If you want more information: you find the link to the project homepage on the left. And the complete circuit diagram in the download area. Just for fun.


The system ist a very simple CPU using an Accu register like CPUs in the 80s.  All mathematical operations are using the Accu, also all store / load operations. And, because it is a "High Performance" relay system, the program counter has its own adder which is only able to add 1 to the program counter.

Here you see an actual picture of the complete system:

The following diagram shows an overview about the system structure:

Note: The PC_HR register is necessary, because I can not write the changed PC based on its own value plus 1 direct into the PC...

One detail is important to understand the design of the system: all registers, which are realized by "self retaining" relays, have to be cleared before any information can be stored, also before the stored information can be changed. Thats the reason why the clock of the system is not an ordinary clock as you know it from digital systems. The clock of this system consists of 4 different pulses:

The control unit of the system is using the instruction register and a state register to select the control lines, a control line timing module is setting the Clear, Input-enable and Output-enable control lines based on the clock information.
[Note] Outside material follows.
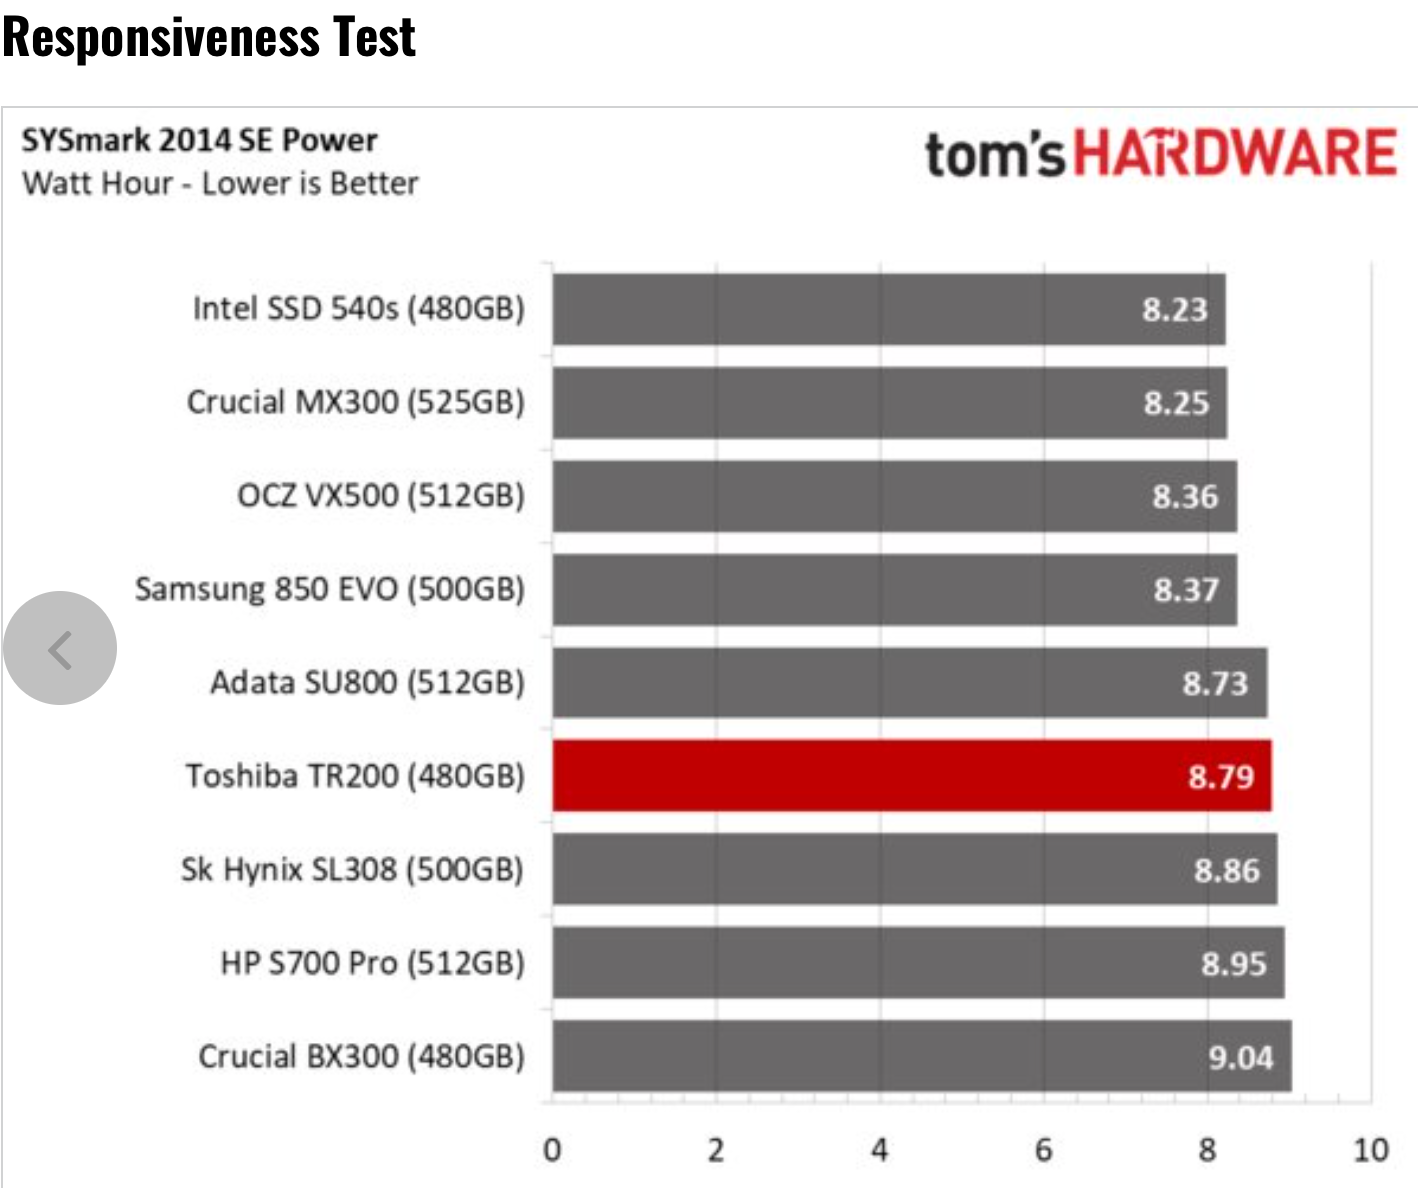 Tom's Hardware – Toshiba TR200 SSD Review using BAPCo's SYSmark 2014 SE Responsiveness + Energy Benchmark Test

And, of course, there is not only a state register...there is also a second state register which is cleared / loaded during cycles 0 and 1. You see this detail in the structure picture and in the circuit diagram. It is the same principle than I have to use for the program counter.

The following table shows the command set of the CPU:

The CPU is able to adress the memory using 3 different adressing modes. a) LD X is loading the Accu with the dataword stored in the adress after the opcode, b) LD M(X) is loading the Accu with the data stored in the memory adress stored after the opcode, and c) LD M(M(X)) is ... yes, indirect adressing. The dataword after the opcode contains the adress where the CPU finds the adress of the dataword that will be stored in the Accu. Is adressing mode c) really necessary? Maybe not. But it makes it easier.

And, as you can see, a CALL / RET set of operations is also avaliable. No, there is no stack realized, only one subroutine level is possible. The return adress is stored in the register SR.

The Simulation using "Logic World"

The following images show the Simulation of the complete system in the game "Logic World". This simulation was used to design the system and to check different design variants.

The relay element:

System overview:

Circuit diagram

The complete system circuit diagram is avaliable in the download section.

The software simulation:

To check if the command set of the CPU is useful, a software simulation using an Excel macro was developed. Using this macro it is possible to step through the code, watch registers and memory and to go forward until a breakpoint. The following picture shows the simulation with an program which multiplies two numbers using shift operations.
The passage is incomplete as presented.